Some of the advantages of multiple choice questions include the fact that it’s simply easier to look at and measure the results. If you’re asking employees to complete written format assessments, you’re going to be at least somewhat responsible for reviewing and scoring the answers, which is time-consuming and can require a pretty significant amount of resources.

There’s also less possibility of bias, and there’s no subjectivity when it comes to measuring multiple choice results.

Finally, multiple choice-style assessments are simply less time consuming for employees. You want training and development to take up the least amount of employee time, while providing maximum results. Long-form assessment styles aren’t conducive to these goals.

The key to using multiple choice questions within your learning management system training is to work on creating items that are going to promote critical and higher level thinking, rather than hindering it.
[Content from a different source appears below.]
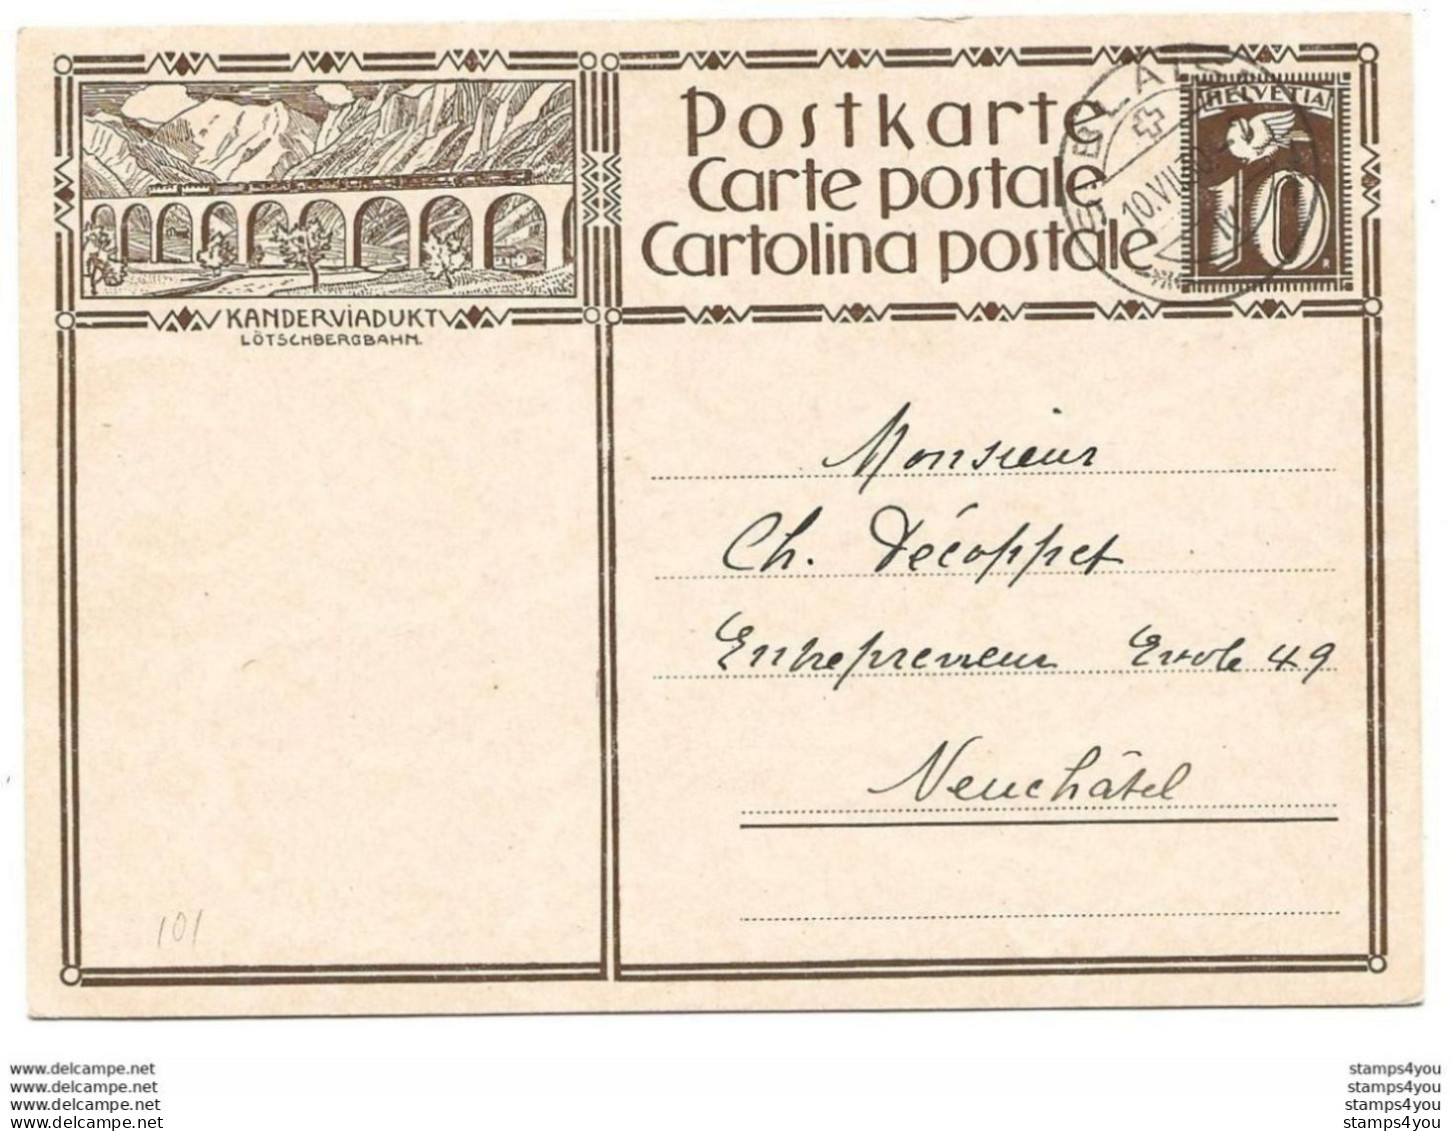 283 - 54 - Entier Postal Avec Illustration "Kanderviadukt" Cachet à Date 1930 - Entiers Postaux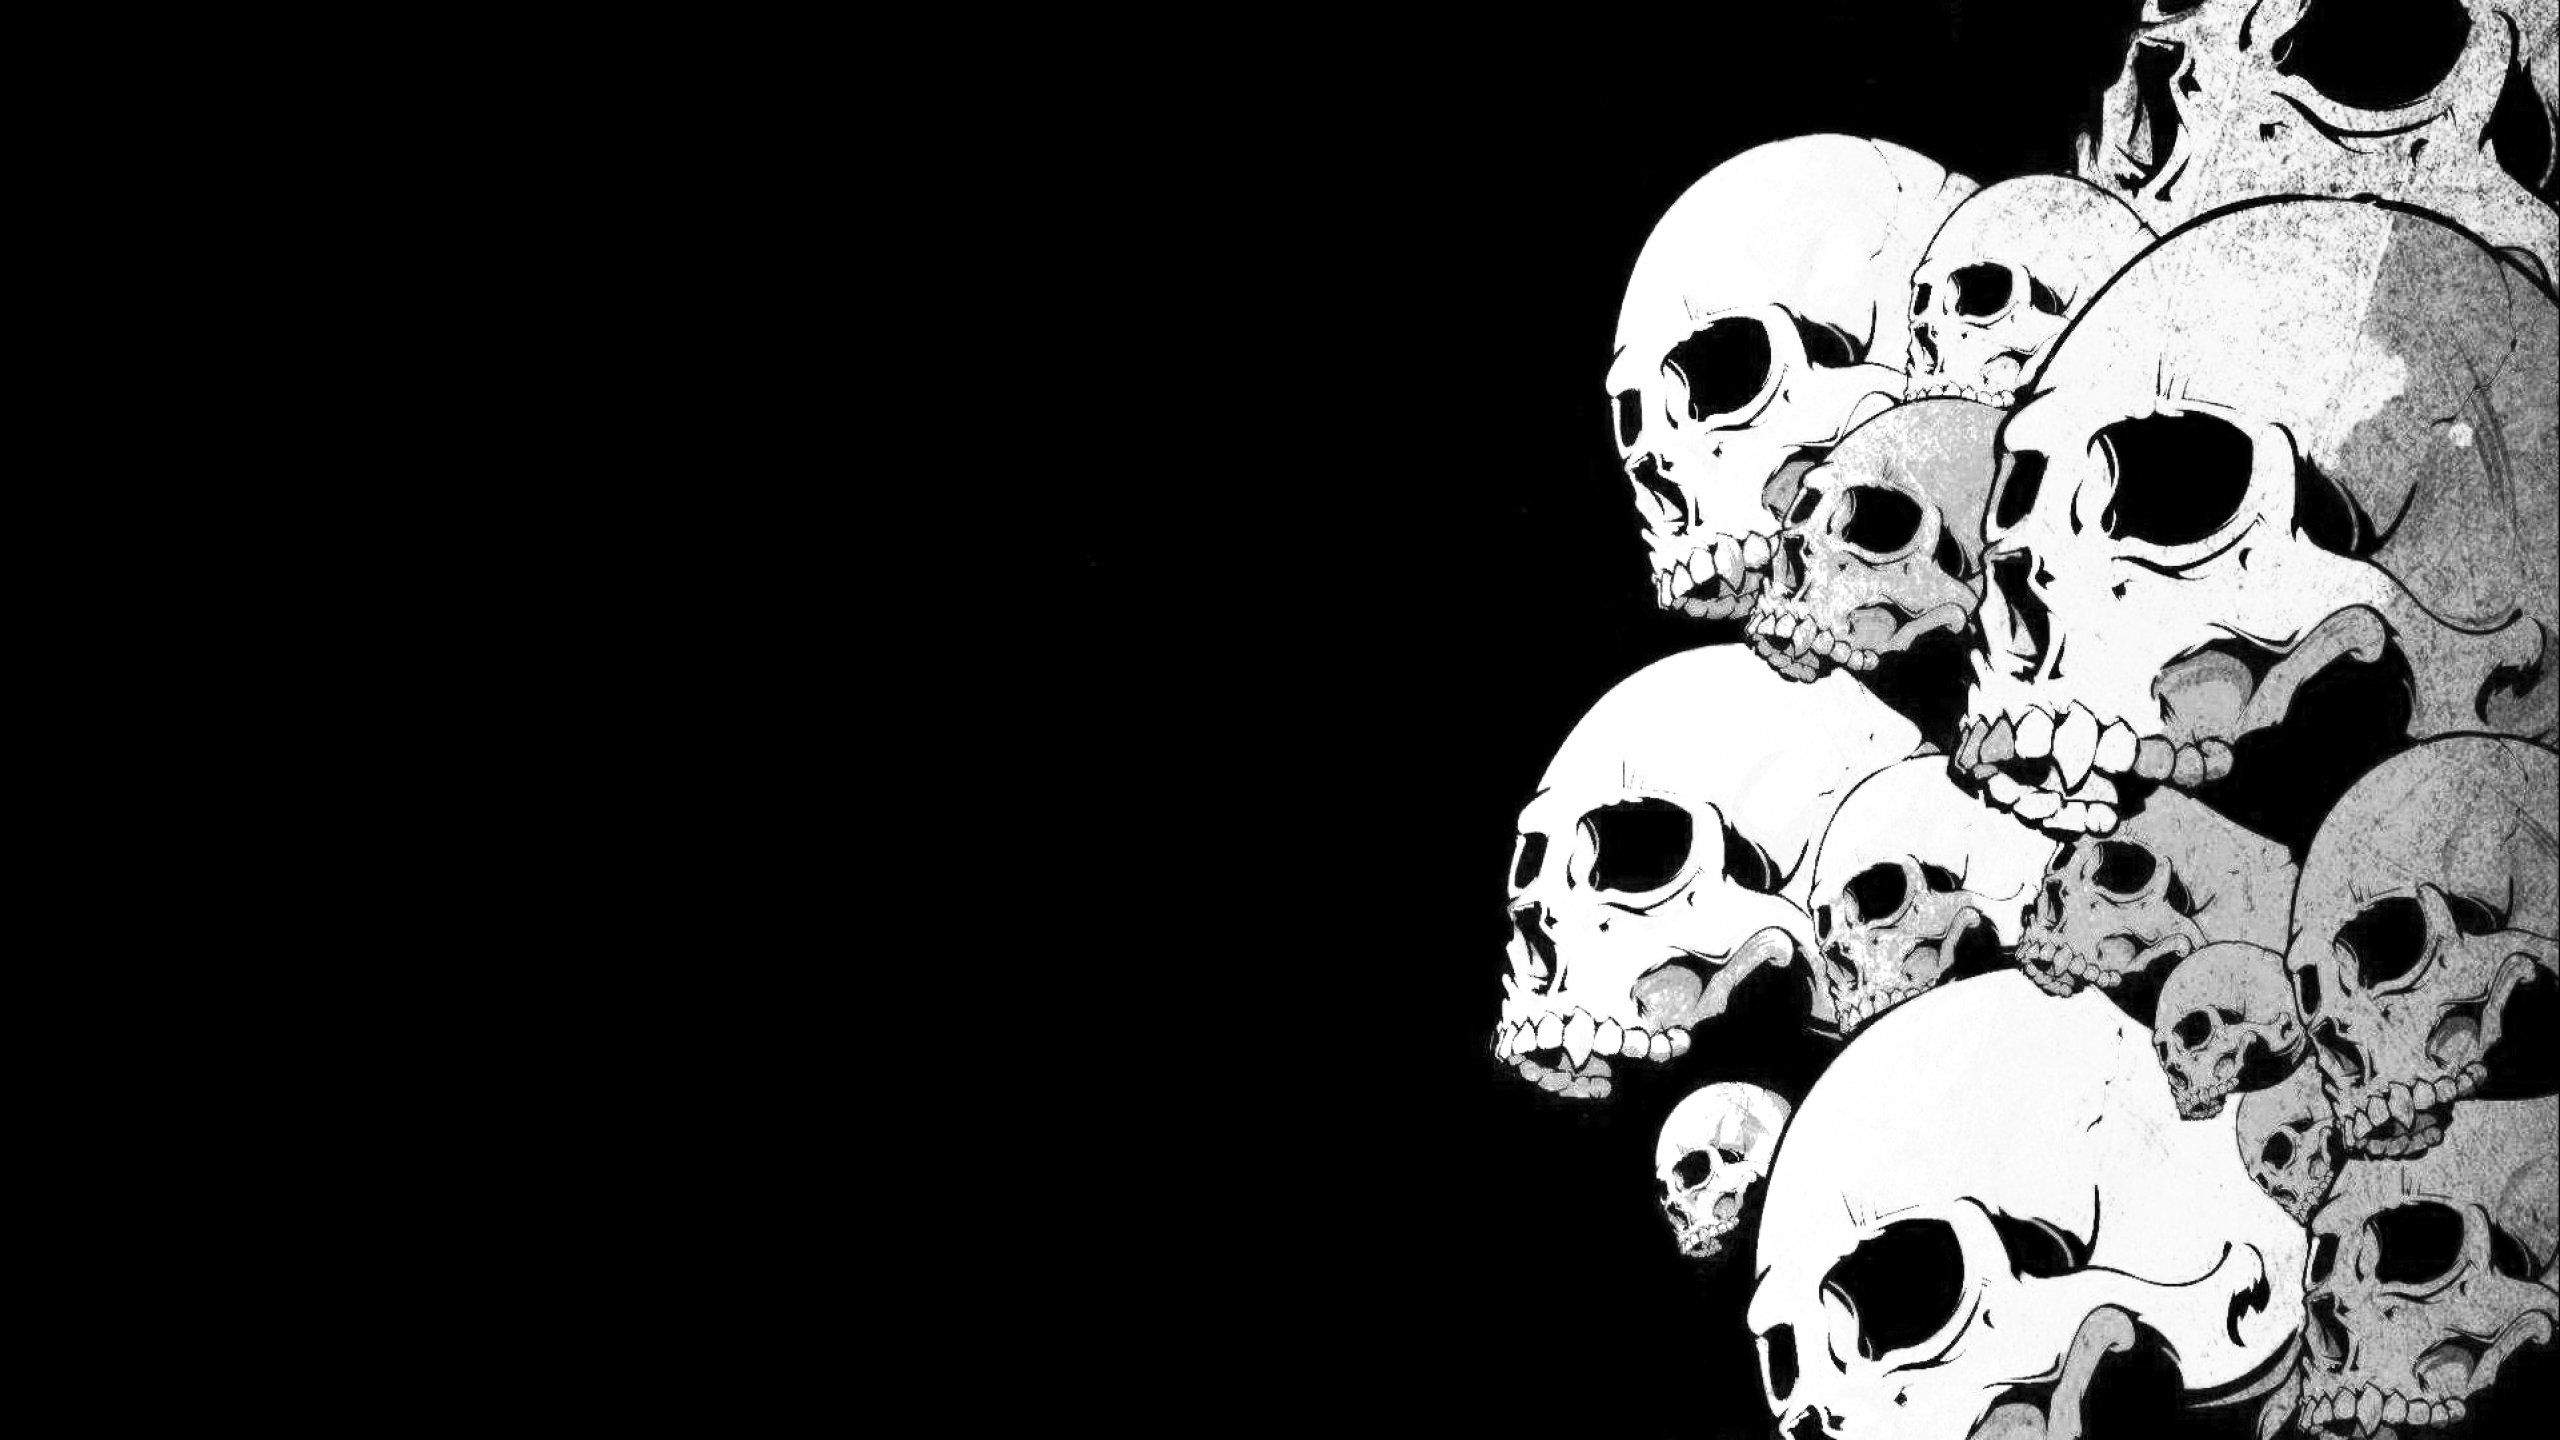 A black and white image of skulls - Horror, skull

Here are five tips that can help you design multiple choice questions that are going to give you an accurate picture of training effectiveness:

  • Include charts or data as part of the assessment. By asking employees to look at and analyze a set of data or a chart, it’s going to ensure they’re more immersed in training. This method is also going to promote a higher level of thinking when it comes to answering a question. There may only be one right answer in a set of multiple choice options, but employees are forced to really think when it comes to uncovering that answer. In addition to charts, other visual elements including videos and photos can make useful tools to delve deeper into the level of comprehension of employees.
  • Include real world scenarios. This is something that’s valuable throughout training. Make sure your questions incorporate real-life elements your employees face on the job.
  • Instead of traditional questions use a story as the question. Embed the actual question within a story. This requires employees to not only read and understand the story to understand the question, but it also requires that they analyze a particular situation. Rather than just choosing a right answer they’re looking at a unique situation and using critical thinking skills to determine the correct choice.
  • Create multi-level multiple choice questions, where respondents are not only asked to select the right answer but are also asked to go on to a second part of the question where they choose the reason.
  • Include several correct or plausible answers within a multiple choice questions, but ask employees to choose the one that’s the best. When there are multiple answers that could be correct, but only one that stands out above the others it’s going to promote a higher level of thinking than if there’s only one obviously correct answer and three that are blatantly incorrect.

Do you use multiple choice questions in your e-Learning assessments? How do you make sure they’re gauging the real comprehension of your employees?